Rampant cyber security weaknesses are putting supply chains at risk, according to a report from British cyber security company Risk Ledger, released this week.
Risk Ledger’s State of Cyber Security in the Supply Chain 2023 report is based on proprietary data from more than 2,500 suppliers on the company's risk management platform. The findings identify the 12 most common weaknesses among suppliers, especially third-tier suppliers and others that are further down a company’s supply chain.
Risk Ledger defines third-party suppliers as external companies that a business uses to provide a service as part of their own delivery or a company that provides elements of a product they make. According to the report, 40% of third-party suppliers do not conduct regular penetration tests of internal systems and 32% do not have a supplier security policy that outlines the security requirements that their suppliers should meet—which puts their own and their customer’s data at risk, according to the report.
“Attackers are targeting under-resourced suppliers with weaker defenses as a way of disrupting or compromising larger organizations,” the company wrote in a statement describing the findings. “The notable ransomware attack on a supplier to semiconductor giant Applied Materials is expected to lead to $250 million in lost sales. With well over 60% of organizations having suffered a data breach through a third party, this regularly results in regulatory fines, huge data recovery costs and loss of consumer trust.”

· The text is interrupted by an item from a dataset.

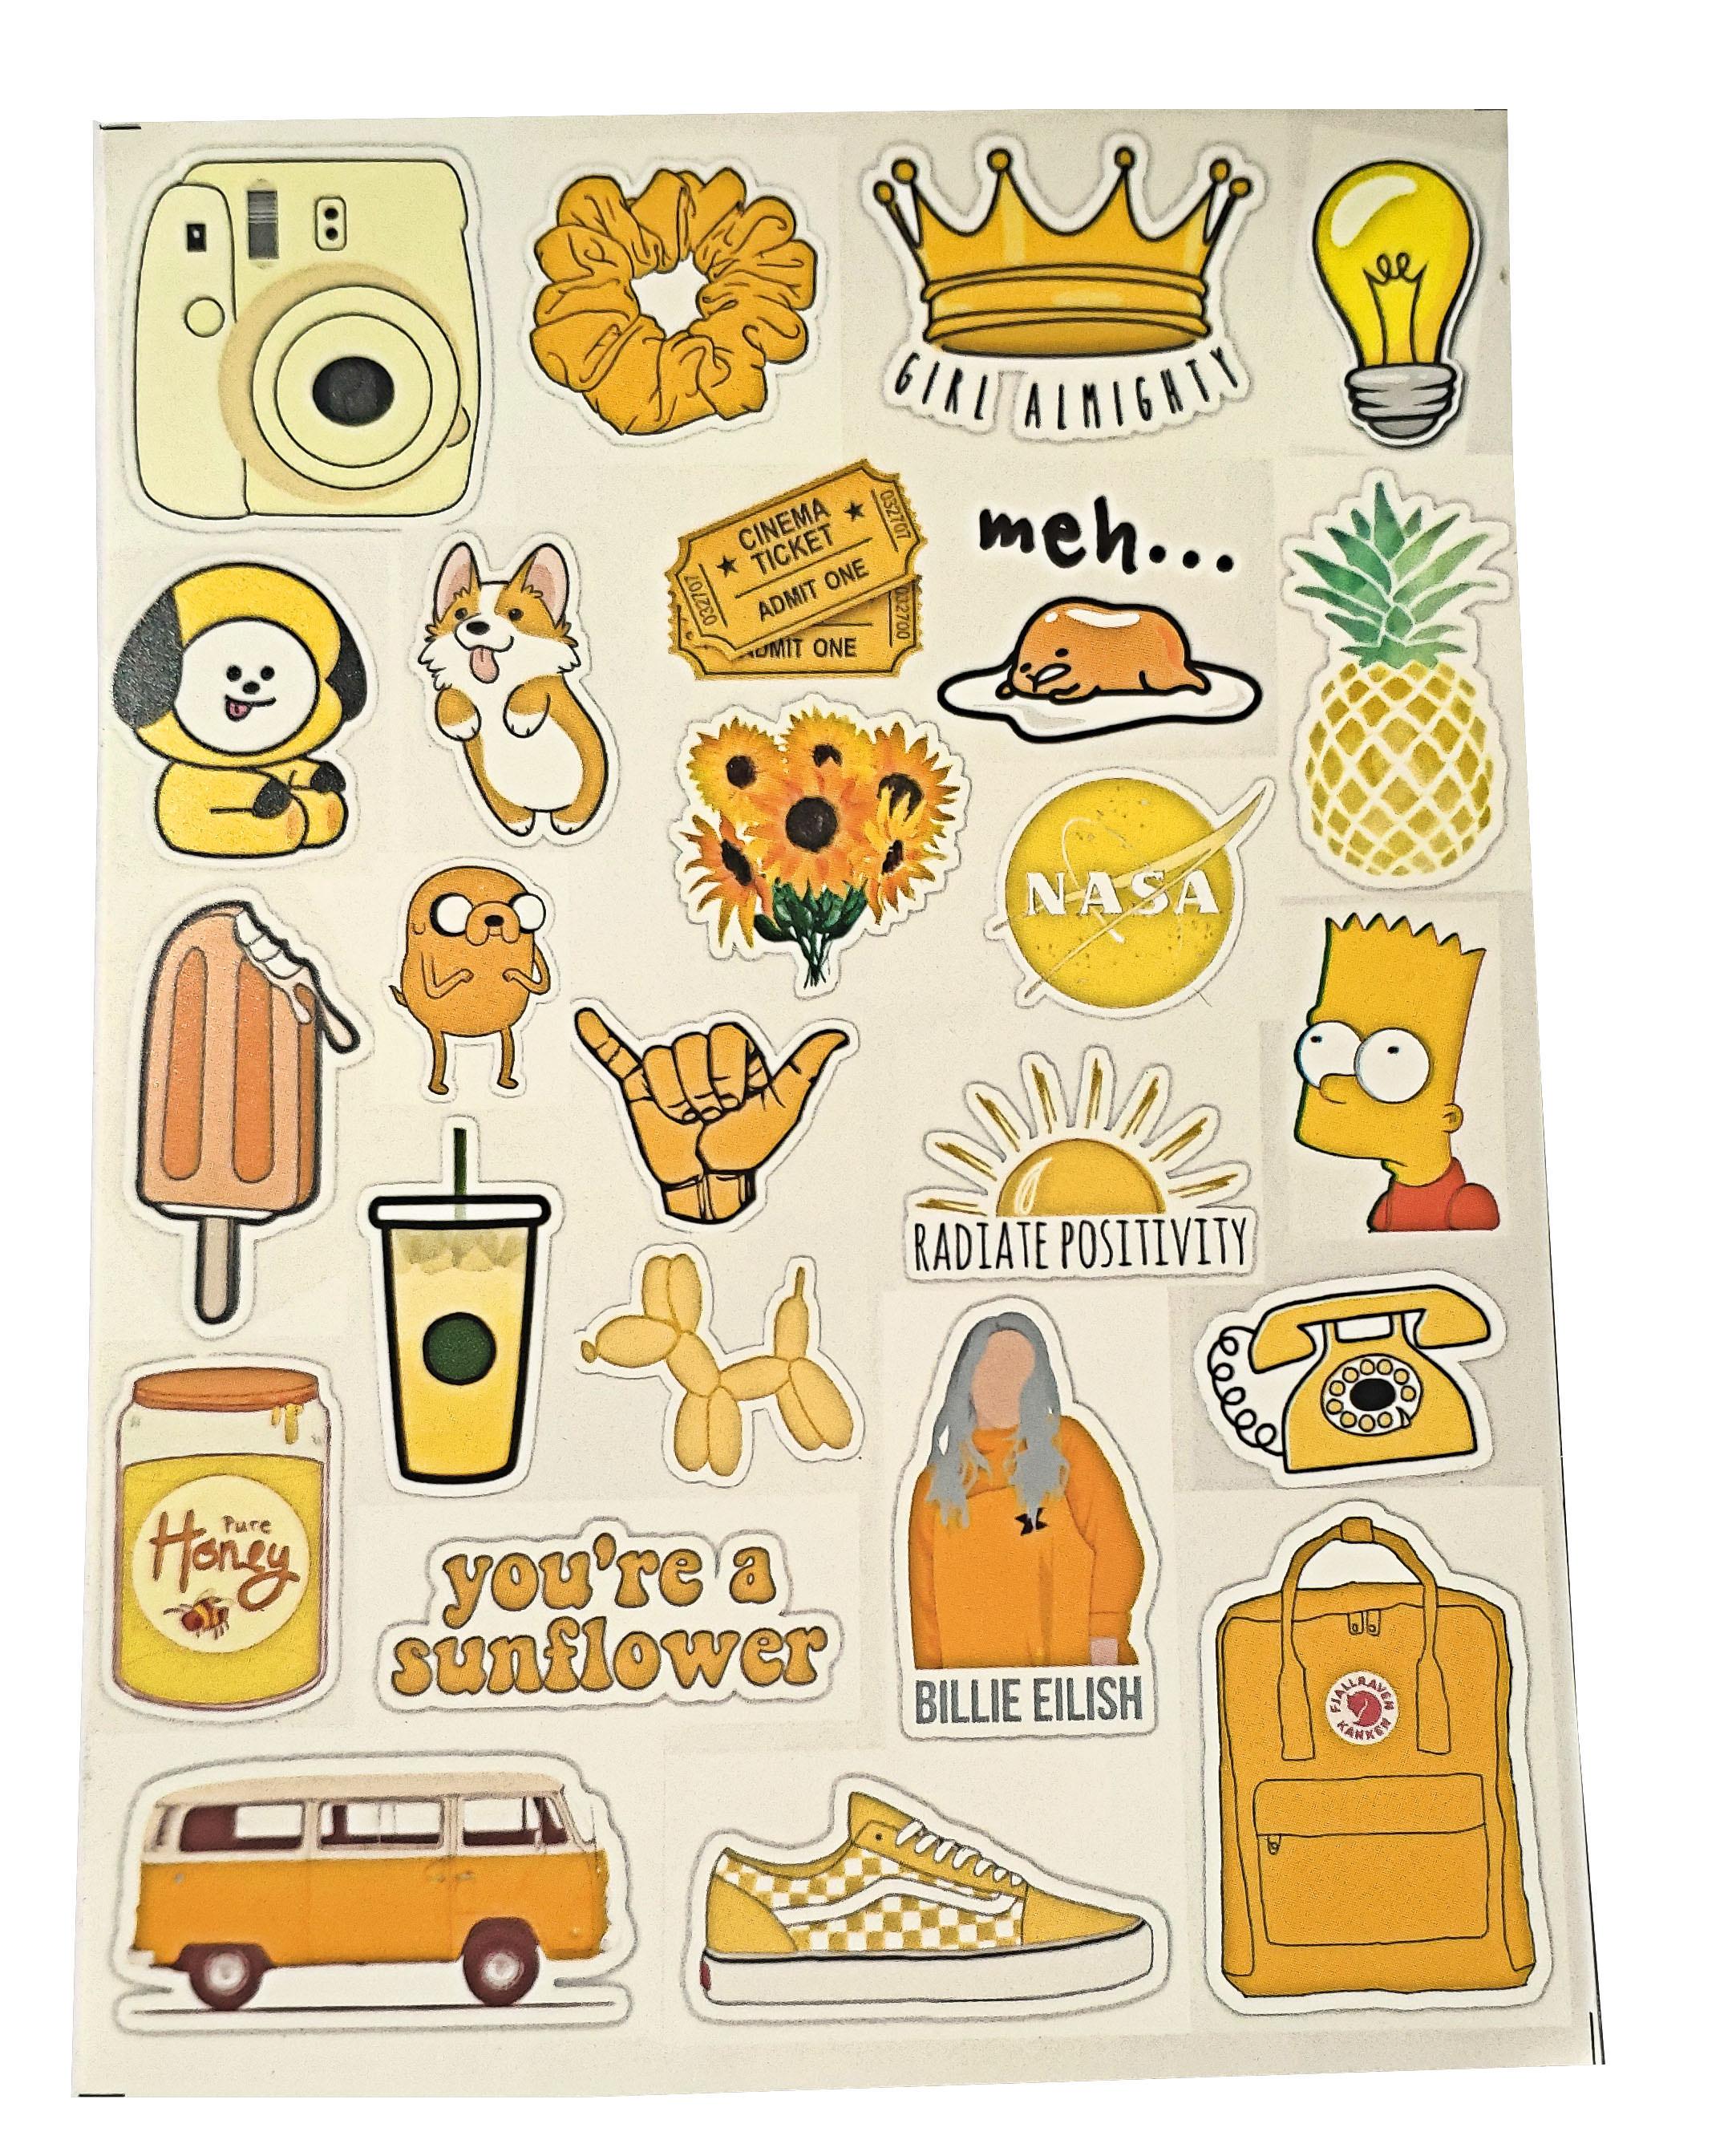 Stiker Aesthetic Tumblr Lucu Dan Cantik Uncutting Stiker Hp Keren Lazada Indonesia

Two of the top 12 weaknesses revealed in the report include:
17% of suppliers do not enforce multi-factor authentication (MFA) on all remotely accessible services. MFA requires a second source of validation before granting users access to a device or service—in addition to entering a password, the user may also be asked for a code or fingerprint, for example. MFA is the simplest, most effective way to keep hackers out of your online accounts, according to Risk Ledger, but it can be cumbersome for users and is therefore often provided as an optional setting that needs to be intentionally configured. “This often leaves MFA disabled and the accounts vulnerable to unauthorized access through password theft,” according to the report.
23% do not use “Privileged Access Management” controls to securely manage the use of privileged accounts, which are the ultimate target for attackers. With high privileges, an attacker can access more sensitive (and more valuable) data, and modify security detection tools to cover their own tracks.
The report explains that these weaknesses are common causes of cyber security incidents, and that a high proportion of third-, fourth-, and fifth-party suppliers are not using controls to protect themselves or their customers in these areas. It also offers recommendations by cyber security experts for improving companies’ third-party risk management strategies, including benchmarking data.